The exact same thing is happening to Hermia as she is being told to marry under the Athenian law that she must do as her father wishes. We also notice that the workmen’s play gives an almost perfect outline to what “Romeo and Juliet” is about, which maybe trying to boost the popularity of “Romeo and Juliet” (one of Shakespeare’s earlier plays’). Although Lysander makes the boldest comments about love in the play, other people in the play make different comments on love which, in a way, support Lysander’s claim.
For example Bottom says: `Methinks, mistress, you should have little reason for that. ‘
This is what Bottom says to Titania as she declares her true love for him after having the `love-in-idleness’ potion put in her eyes. He goes on to over rule what he previously said by saying: `reason and love keep little company together,’ which from this play you could say is a very appropriate statement.
Theseus also claims that `lovers and madmen are of imagination all compact. ‘ This claim, in terms of this play, is true as we can see from the young lovers in the wood fighting for the love of Helena, Oberon and Titania’s relationship would also back up this claim.
All the people in love behave irrationally at one point during the play, proving even more so that Lysander’s claim was a perfectly valid one. After the whole ordeal in the wood is over and all the young lovers are in harmony, Puck makes this comment about them: `lord what fools these mortals be.
‘ Referring not only do the workmen making their play and the exaggerated lovers are making fools of themselves, but mortals in general.

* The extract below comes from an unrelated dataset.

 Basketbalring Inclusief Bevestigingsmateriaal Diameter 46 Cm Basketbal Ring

Puck has been given a stereotypical view of mortals from the few he encountered in the wood and he comes to the conclusion that they do nothing but constantly argue and act foolishly.

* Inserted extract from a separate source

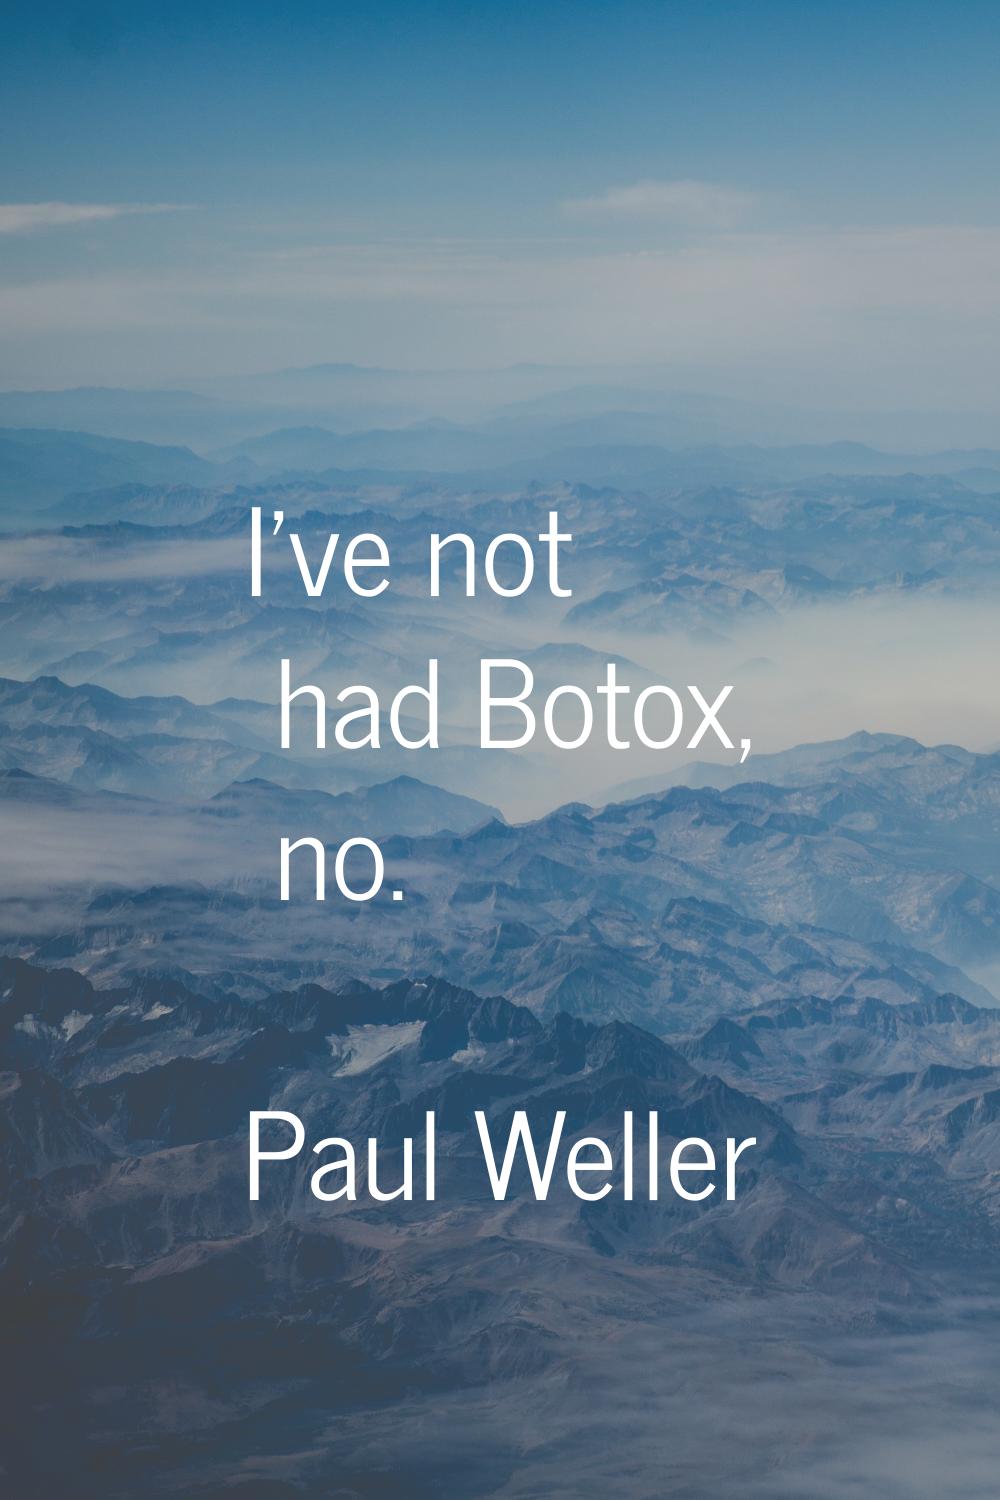 I've not had Botox, no.

In this play we notice there is a contrast between two different worlds, the fairies come at night and mortals rule they daylight, yet it seems the mortals are too quick to dismiss the existence of the fairies. Even though fairies are seemingly a harmless myth, mortals rarely venture into the wood during the night. Yet the young lovers were forced to by the will of Hermia’s father and it seems that even though the fairies saved the lovers, they still dismiss their nights in the wood as a `dream’ without consideration of any mythical forces. They do not thank the fairies for making their love run smooth as previously it was in havoc. We have a story from the fairies and one from the mortals, when they meet it gives the play a mysterious twist but also ends with a traditional “happy ending”, as with all fairy stories.
From this play you gain many contrasting views on love, from most of the characters involved, but to say `the course of true love never did run smooth,’ is not true; to say that sometimes true love does not smooth is certainly true. In this play none of the love we are told about has always run smooth and at the end we are left wondering if of Oberon and Titania’s are now truly happy.

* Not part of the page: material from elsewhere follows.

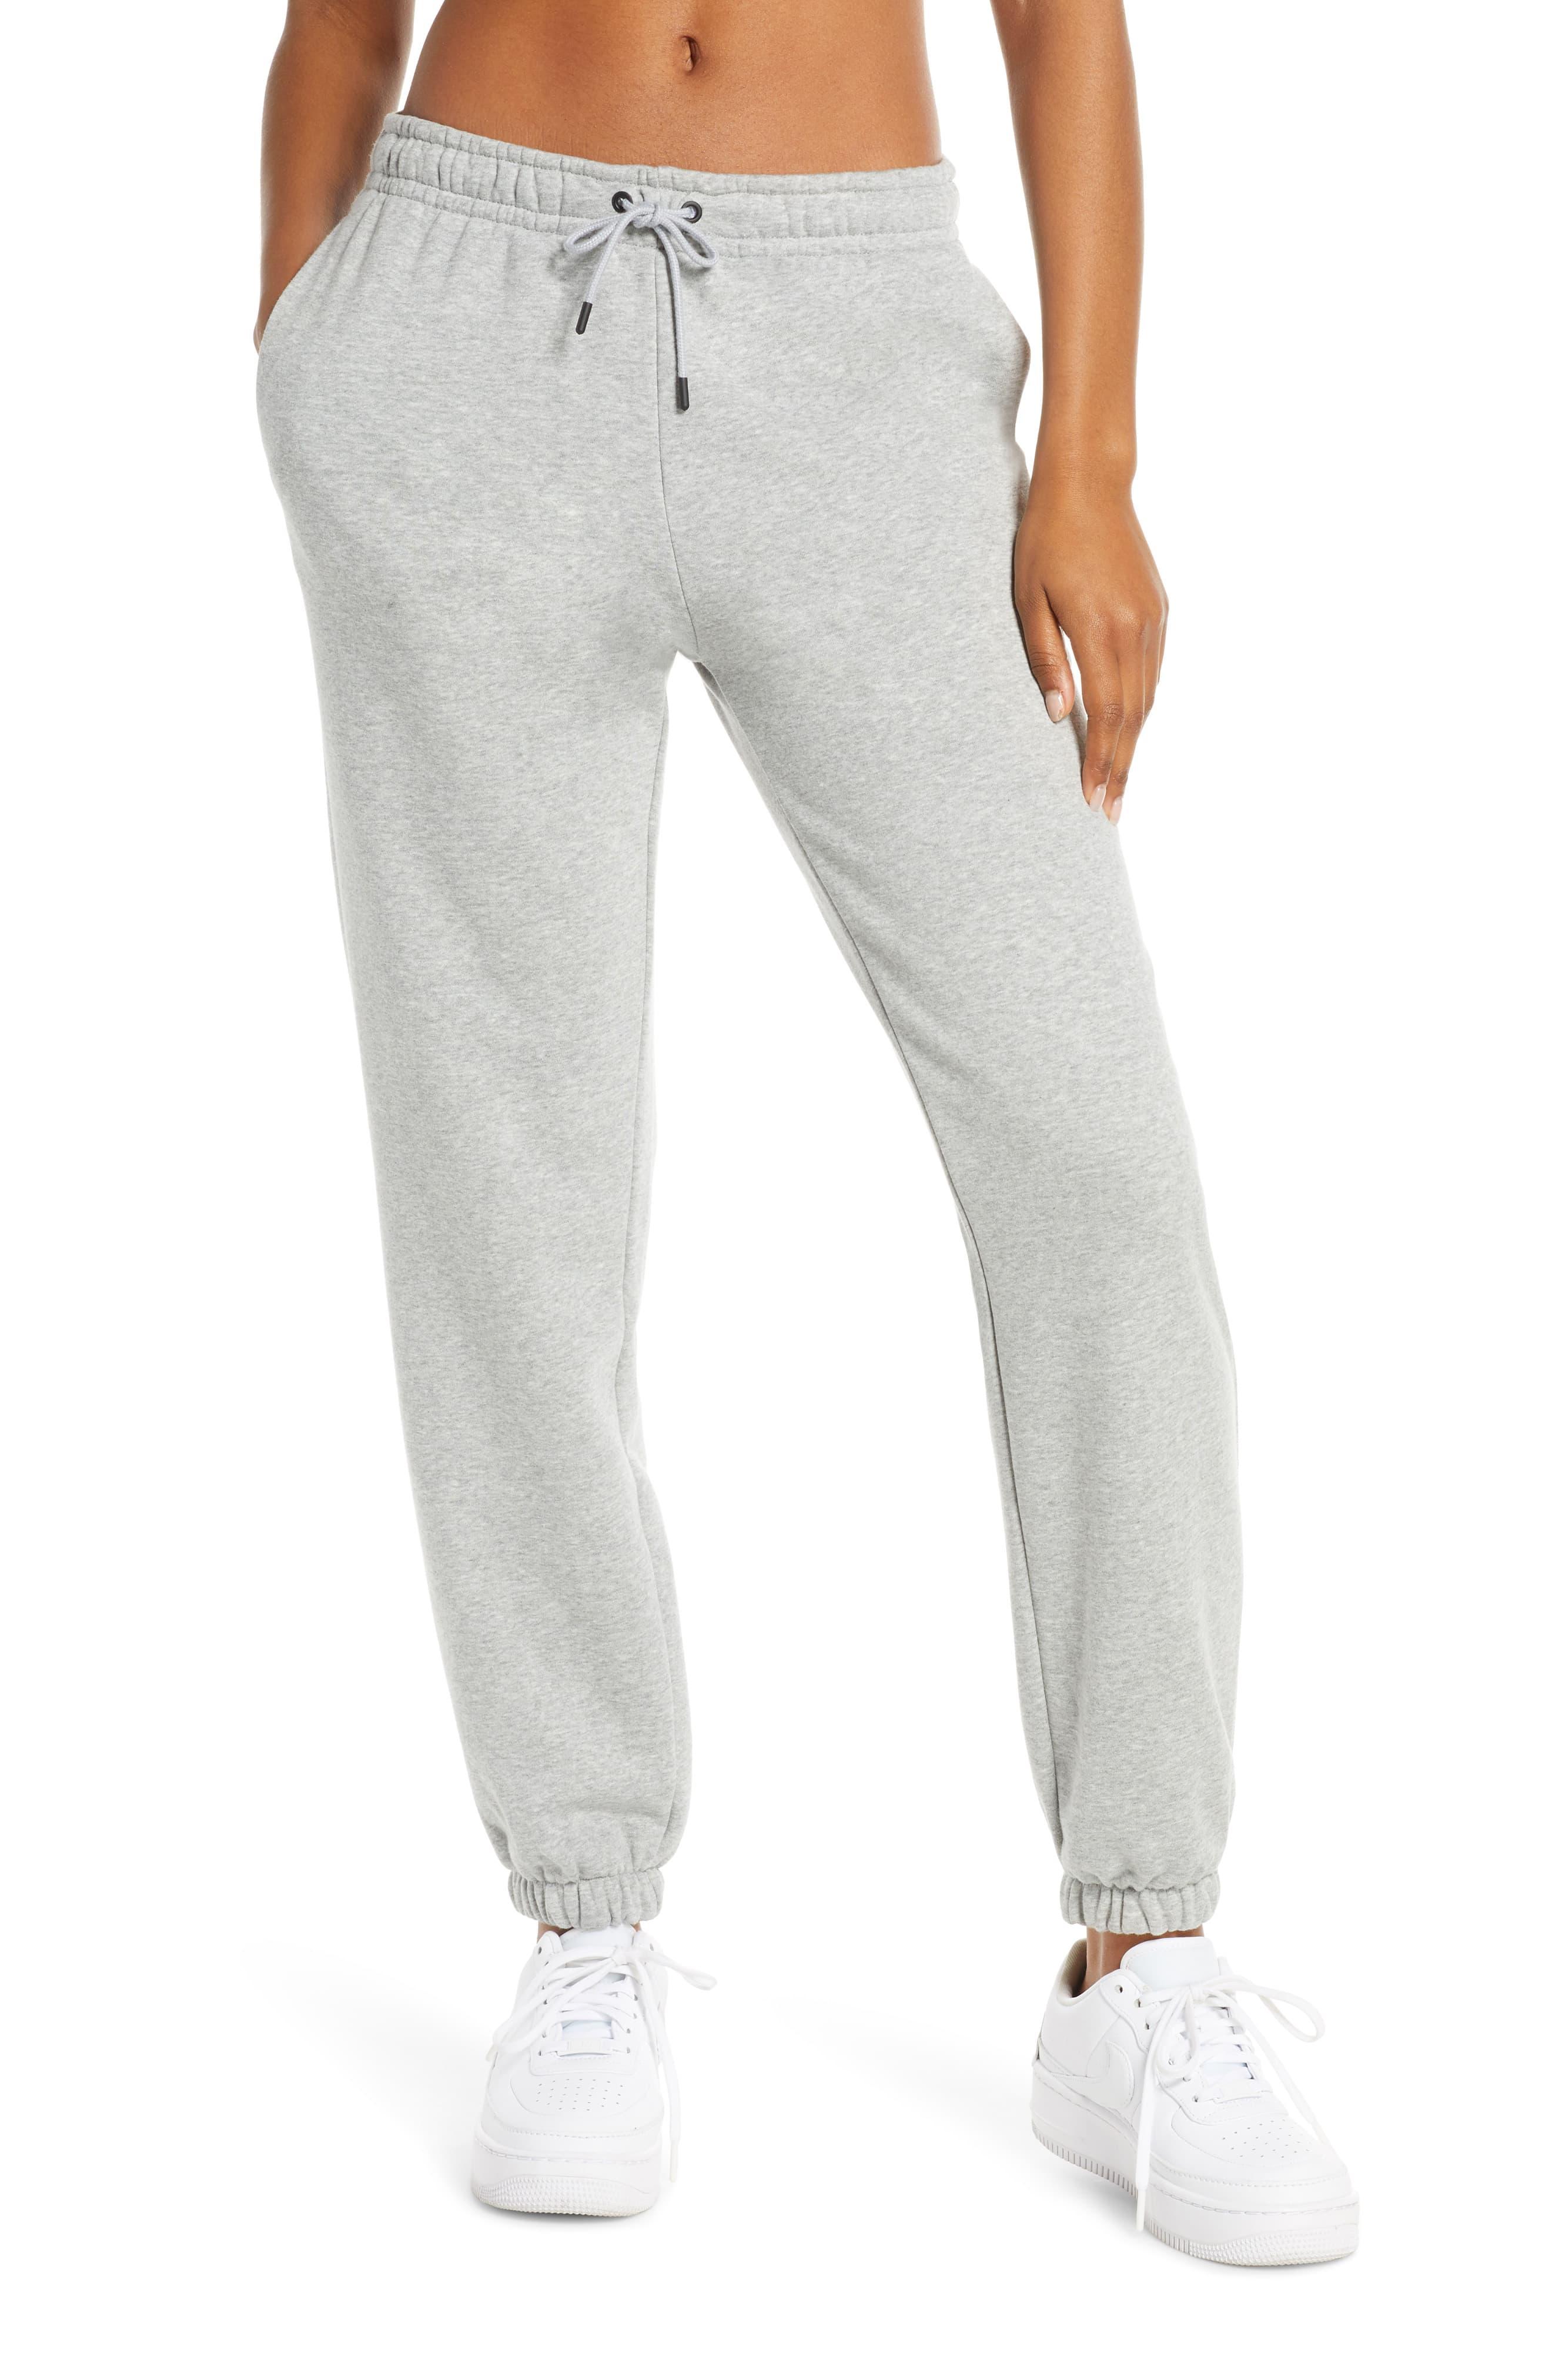 women's fleece trousers nike sportswear essential

The four young lovers didn’t have certain futures until they had their `dream’ like experience in the woods with the fairies. Theseus had to fight and be determined to killto win the love of Hippolyta. We never find out if Bottom had true love for Titania, even though she did for him; yet that was only short lived as Oberon changed her back to normal with the `love-in-idleness’. I conclude that the statement made by Lysander: `the course of true love never did run smooth,’ is mostly true because in the pay all the lovers experience problems caused by love, and they are forced to work hard to make sure their love with `run smooth’. It seems all relationships are expected to have their ups and downs.